There are various variations of this. Credit can refer to an absolute number of transactions, i.e. credit counts down and has to be replenished, or it can refer to a rate, i.e. it doesn’t count down and just defines the quota that can be occupied at any point in time.

There are also variations on how credit can be obtained. Either it can be bought outright or it can be earned over time by past successful transactions that lead to a fee payment in the ledger.

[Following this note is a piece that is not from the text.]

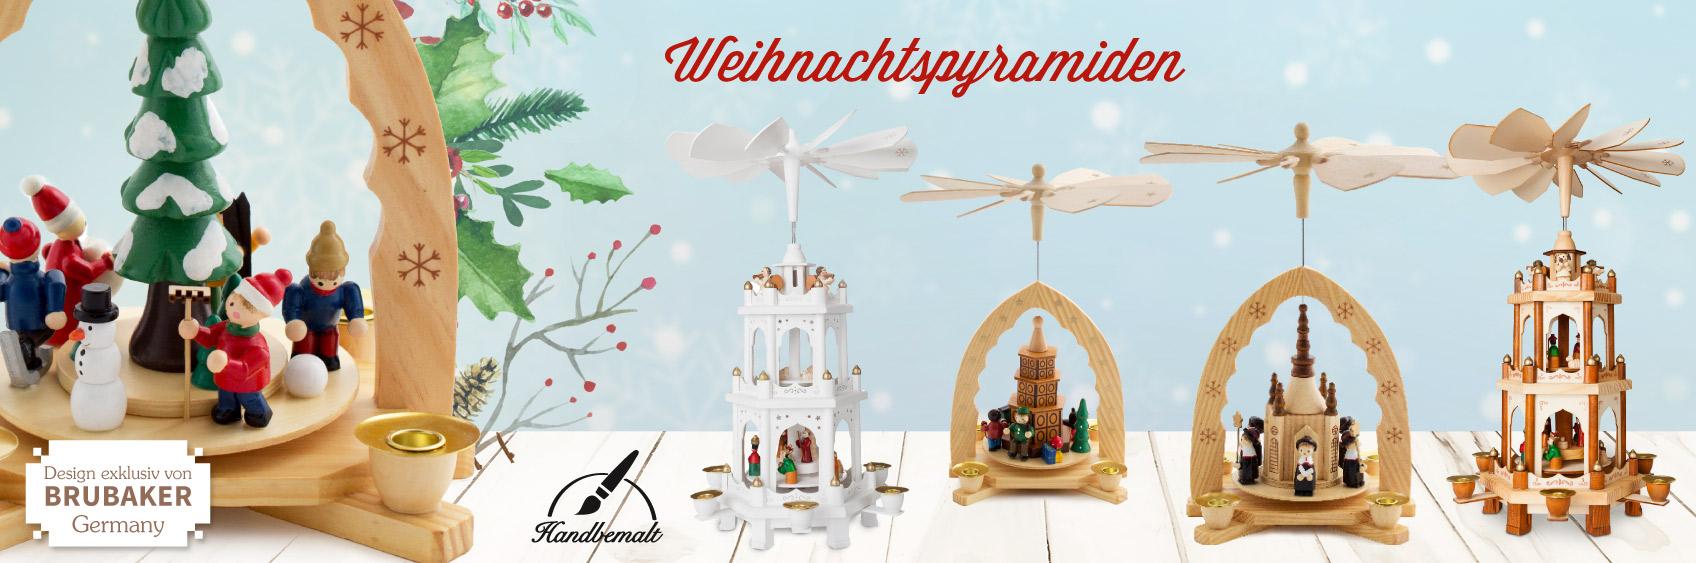 1_Weihnachtspyramiden_1696x563jpg

There can be a certain quota for “uncredited” transactions that can be used by new users who do not have any credit yet or don’t want to bother with it. Then the most a DoS attacker can do is exhaust that quota, i.e. interrupt the service for users who don’t have credit, but not for the other ones.

2 Likes

Here is the answer to my past question. My poor understanding is that there is a consensus limit to the tx process.
The finality time of 8 seconds seems a bit long. Is there any advantage over this?

Really interesting post. I’ll definitely be following along.

Do you have any thoughts on history (ICRC-3) type functions and how these would work. For example, from the perspective of the 221Bravo dev, how can tokens histories on HPL be searched and how can we automate the process of ‘finding’ new tokens that are added.

Ideally anyone tracking the ledger shouldn’t have to change structs or enums to pickup new variants of tokens.

Side thought - I’m not completely sold on the idea of a variable fee depending on transaction size. This seems like it’s getting into tokenomics a bit. From a technological standpoint there isn’t any cost difference between processing a 1million tx and a 0.0001 tx - why should the 1m pay more?